Casein derivatives and method of producing the same

Abstract

Calcium phospho-caseinates produced by the addition of 1.0 to 3.0% of one of the edible di- or tri-basic salts of phosphoric acid, or any of the complex dehydration products of these salts, to a slurry of casein and water, and neutralization with calcium hydroxide.

Description

Among the objects and advantages of the invention are the following: To obtain casein derivatives which are considerably easier to wet out and disperse in water than either calcium or sodium caseinate as commonly made; to obtain such derivatives over an extremely wide range of inherent solution viscosities, i.e. from solid gels at room temperature to quite thin colloidal suspensions measured at a 15% concentration; to obtain casein derivatives which do not have the slippery mouth feel and texture characteristics of sodium caseinate of the chalky texture of calcium caseinates; to obtain high viscosity casein derivatives having a very large temperature coefficient of viscosity; and to obtain low viscosity casein derivatives which form stable colloidal suspensions which do not settle out and which can be strongly heated without coagulation.

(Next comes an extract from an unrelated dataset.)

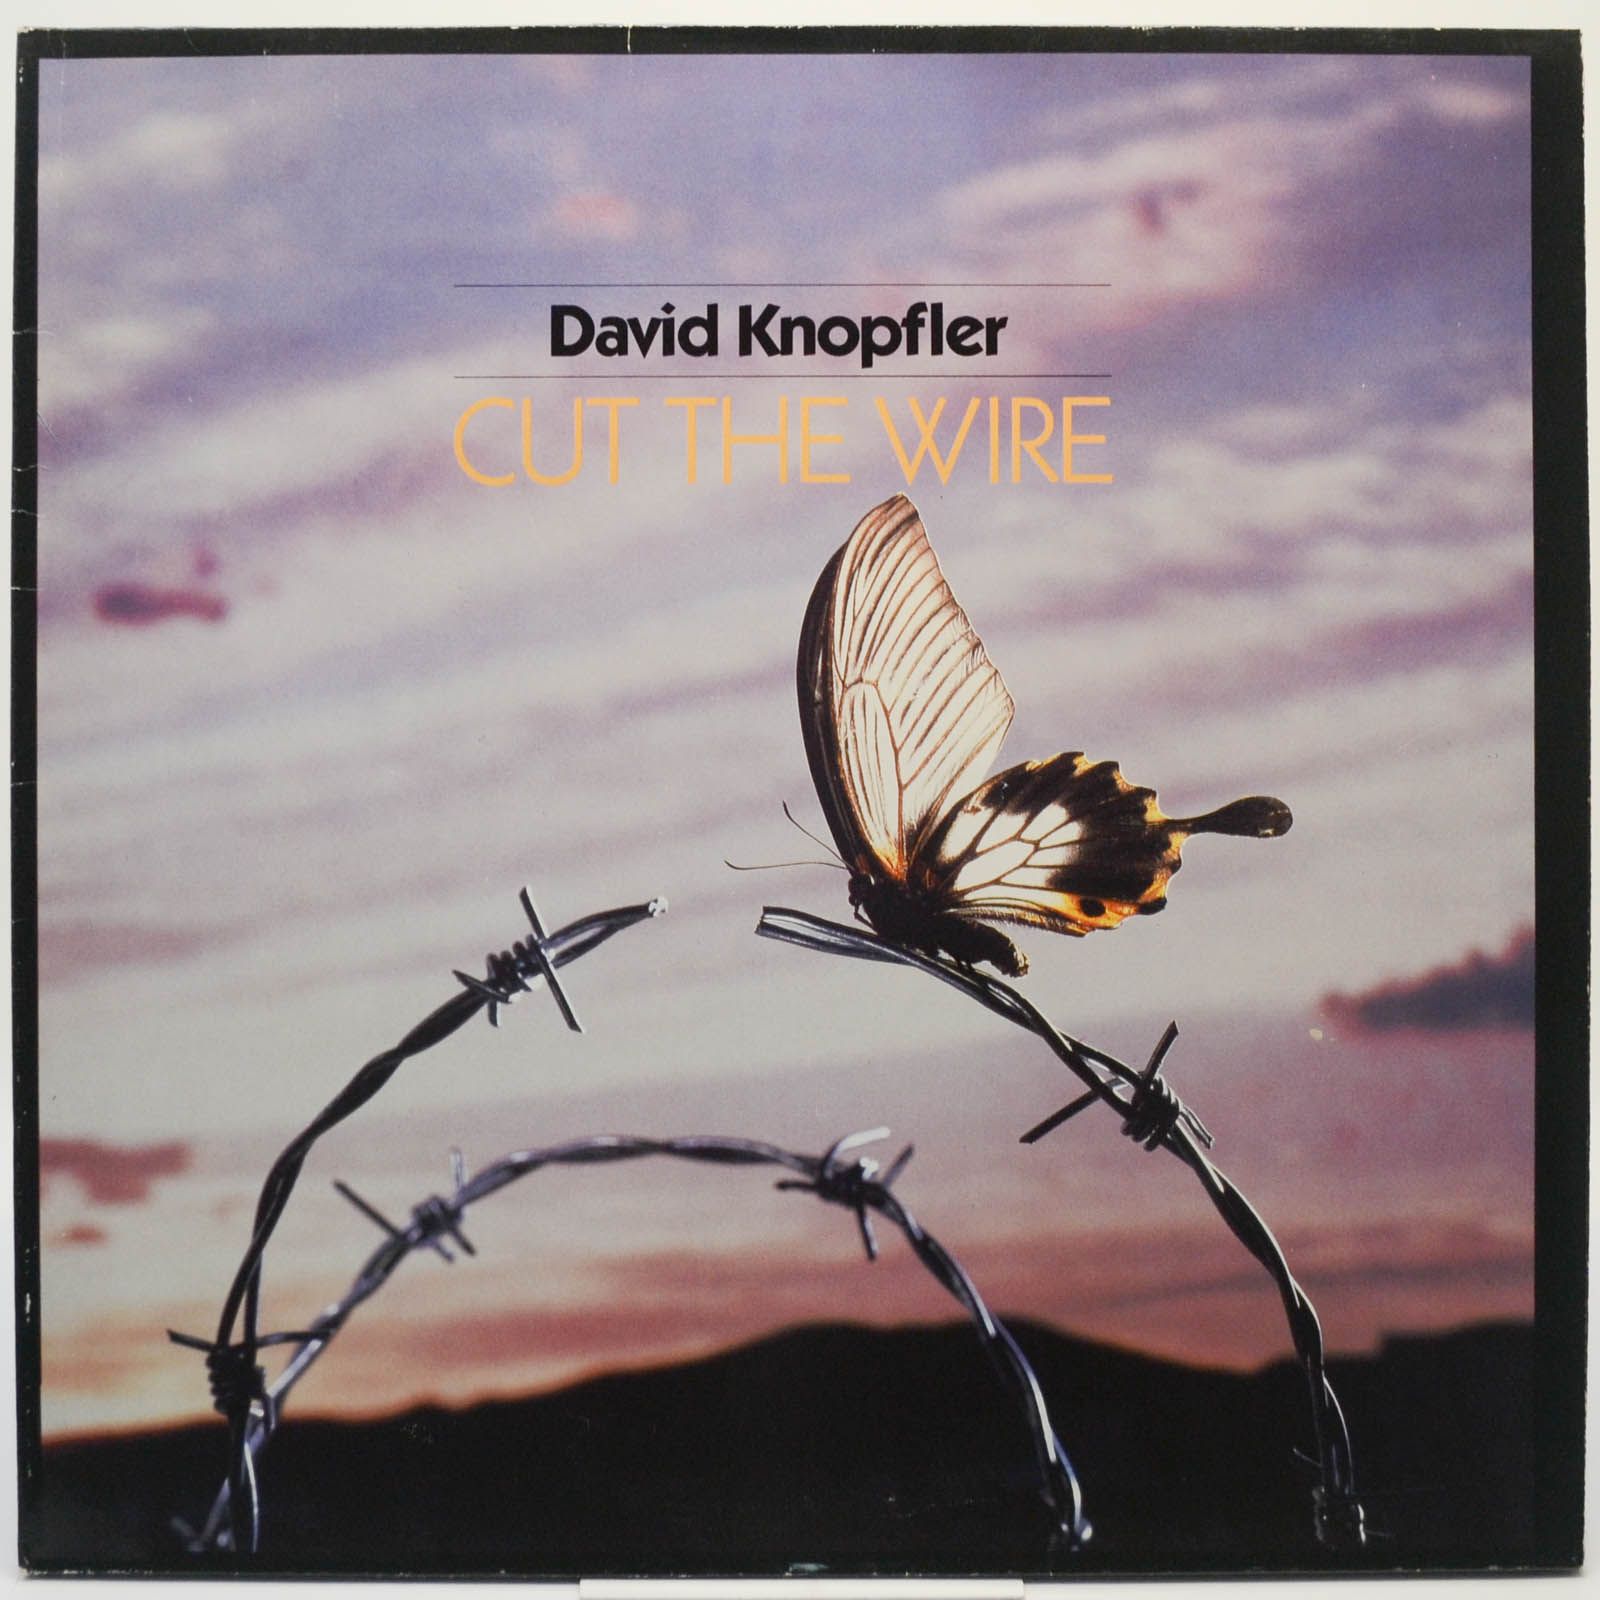 David Knopfler — Cut The Wire, 1987

With respect to the foregoing objects and advantages, the high viscosity products may be, for example, 15% suspensions having a viscosity of 40 centipoise at 50.degree. C. which upon cooling to 25.degree. C. become solid gels with viscosities of over 40,000 centipoise, while the low viscosity products may, for example, at 15% solids and 25.degree. C. have a viscosity which is 10-15 centipoise, or only slightly lower than that for calcium caseinate. Calcium caseinate suspensions, however, tend to settle out and cannot be heated at 190.degree. F. without coagulation.

These and other objects and advantages of the invention are obtained by the addition of 1.0 to 3.0% of one of the edible di- or tri-basic salts of phosphoric acid, or any of the complex dehydration products of these salts, to a slurry of casein and water, and neutralization with calcium hydroxide. Trisodium phosphate is somewhat preferred; sodium tripoly phosphate, tripotassium phosphate, sodium pyrophosphate and sodium hexametaphosphate work about as well as trisodium phosphate; disodium phosphate and dipotassium phosphate work but they appear to form slightly weaker gels and when they are used about 10% more calcium hydroxide is required to neutralize to a given pH; monosodium phosphate and monopotassium phosphate do not work at all, there being no gel formation or increase in viscosity and there being required about 30% more calcium hydroxide to reach a given pH.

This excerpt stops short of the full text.